Full domain crawls


Broad crawls aim to harvest an entire domain, without exclusions or selection. The harvesting robot, provided with the list of registered domains, crawls them all and archives the content, according to a pre-determined configuration.

In broad crawls there is no selection by librarians, which eliminates any filtering, bias or subjectivity.

The Spanish Web Archive currently harvests the four national domains: .es, .gal, .cat, .eus. It does this once a year with the collaboration of the different regional conservation centres. It also carries out a massive annual storage of serial publications in free access on the Internet.

The contents saved in the full domain crawls can only be consulted via URL.


Archived websites


Crawl of .es domain

The crawl of .es domain is done annually since 2009 and seeking to obtain an overview of the site of the country each year.

Between 2009 and 2013 were carried out massive additional 8 .es domain through the Internet infrastructure Archive. These are the additional representation of the oldest preserved websites in the file of the Spanish Website.

In 2014, the national library of Spain acquires its own infrastructure of crawl and after a trial period in 2016 runs for the first time the bulk crawl .es domain themselves. To perform this collection Red.es Registrar draws previously and provides domain list on the basis of the comprehensive listing of all domains registered in ESNIC. This was the first collection saved 800,000 domains, with a limit of 100 MB in size with a total of 28 TB.

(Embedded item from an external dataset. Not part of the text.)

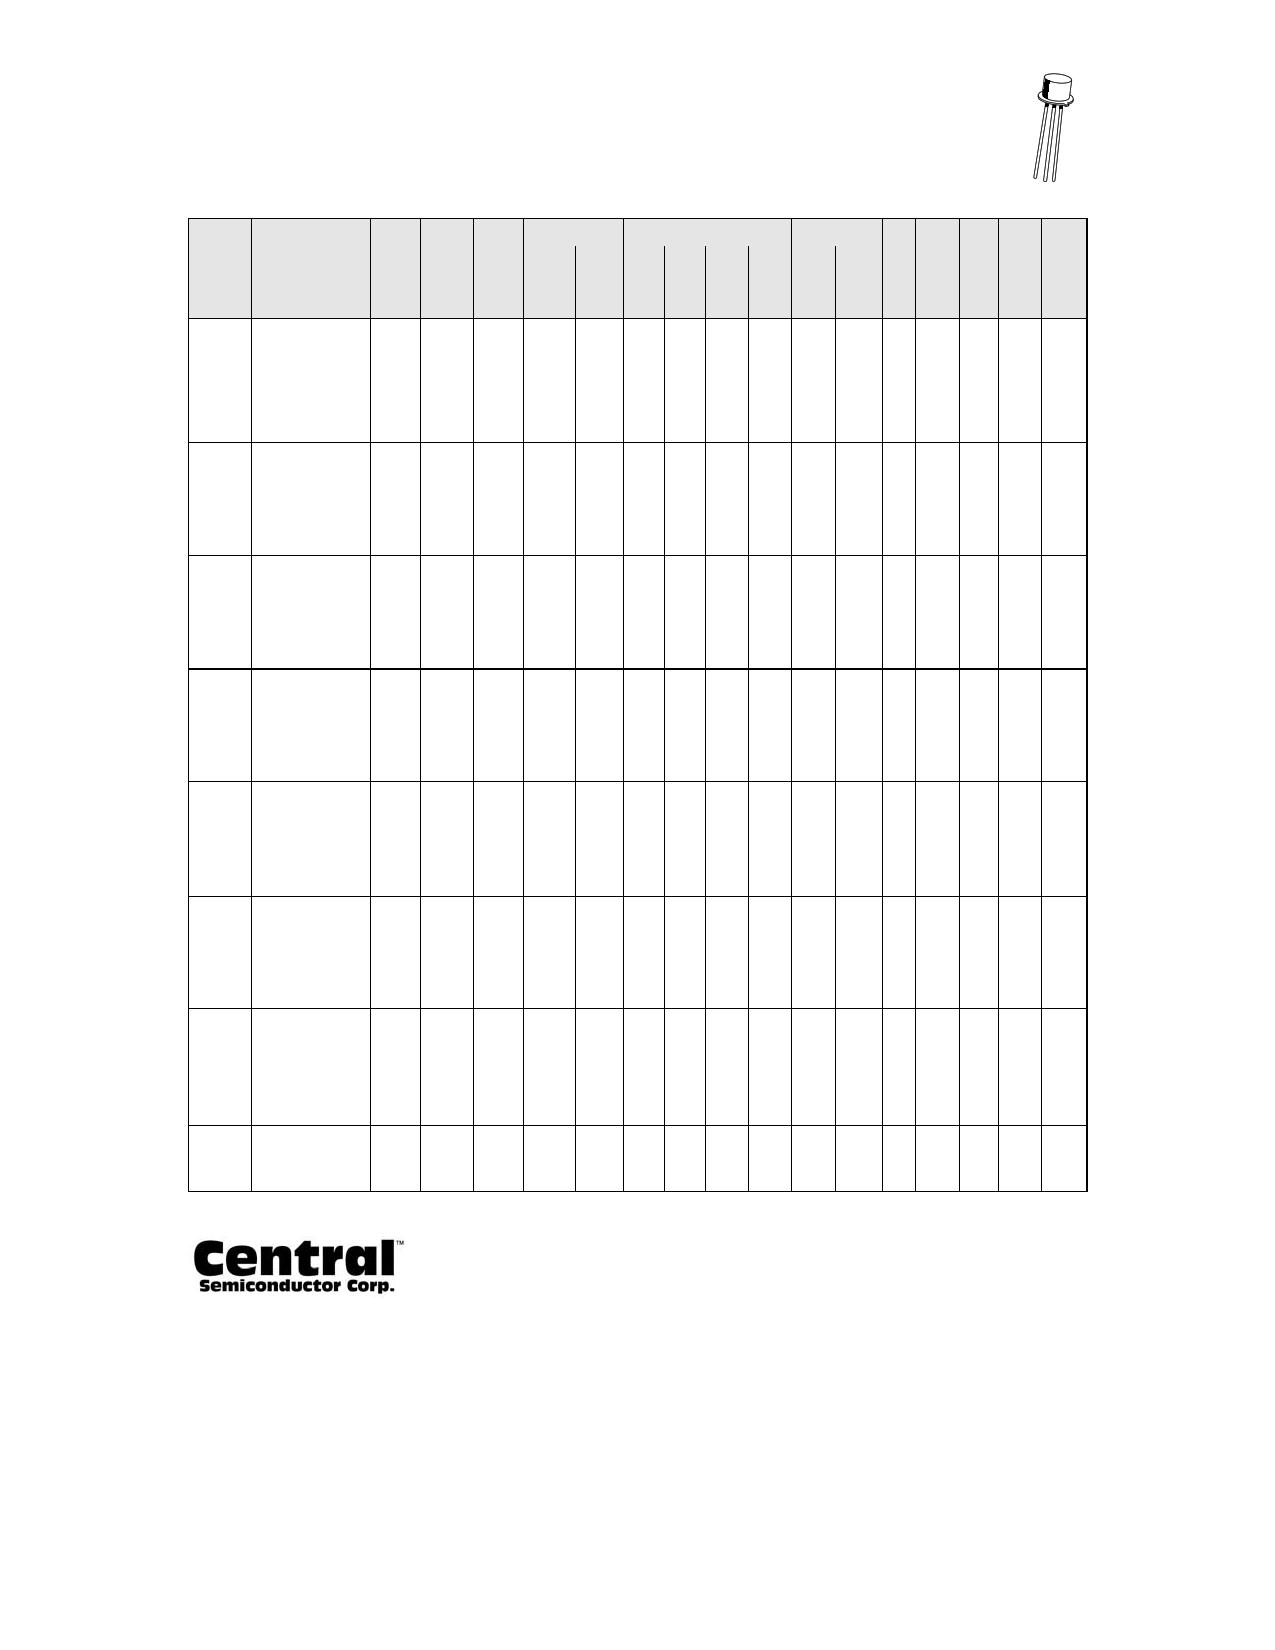 2N3548 datasheet

Currently the massive .es domain is done on a yearly basis, and observed around 2,000,000 domains, with a maximum size of 150 MB and storing around 70 TB, obtaining information save more than 80 per cent of domains.

Crawl of .gal domain

The collection of .gal domain takes place annually from 2017 in collaboration with the library of Galicia, which provides the galician domain list from the entity PuntoGal.

The first crawls is more than 4,000 domains, with 150 MB of depth and a total of 140 GB of memory stored. Currently, more than 6,000 domains and 280 GB of information.

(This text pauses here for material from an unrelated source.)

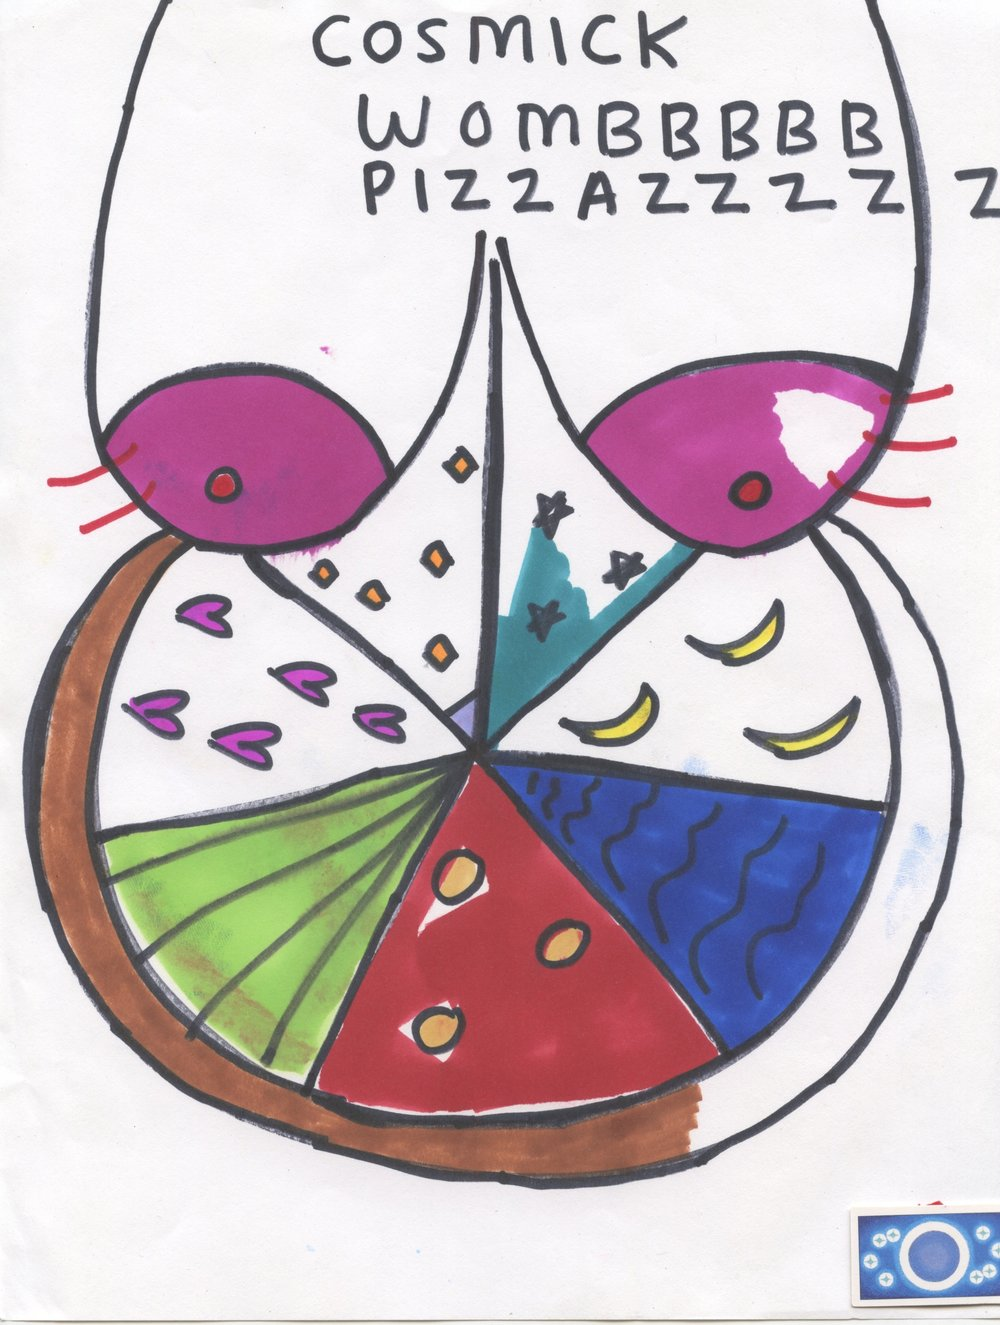 Cosmick Womb Pizza.jpeg

Web archiving saves catches of Spanish first website that took this http://www.dominio.gal domain:

The .cat domain

In 2002 the national library of Spain the .cat domain harvest in collaboration with the library of catalonia, which provides a list of domains catalans extracted from the puntCat Foundation.

The first crawl of capture 44,000 .cat domain domains, with a limit of 150 MB in size by domain and get download 77 per cent of them completely, reached 2.5 TB of stored information.

.Eus collection

In 2023 the national library of Spain the .eus domain harvest in collaboration with the basque country Digital Library, which provides a list of domains to collect basques extracted from the PuntuEUS association, in this domain.

The first bulk crawl  covers more than 13,000 domains and 750 GB of information, with a maximum size of 150 MB per domain.

Bulk crawls of serials in open access

The electronic serial, especially the magazines, are without doubt, one of the contents more short-lived on the Internet. every year are created and disappear serials, many of them without equivalent printed, so that their disappearance is final and its recovery impossible.

Web archiving of spain would like to make, massively and systematically, the websites of these electronic serials in free access, including digital items that they contain, to be preserved and are accessible on the future while disappear from the site live.

The BNE as the national centre of the ISSN in its catalogue all spanish electronic serials in this international number and this is where he draws the URL and domain for lazar this massive collection.

The first serial saving was conducted in 2020 with more than 8,000 serial URL covering more than 3,700 dominance and a maximum size of a 1 GB per domain. Currently are more than 10,000 serial websites, belonging to 7,000 domains to outstrip 5 TB of stored information.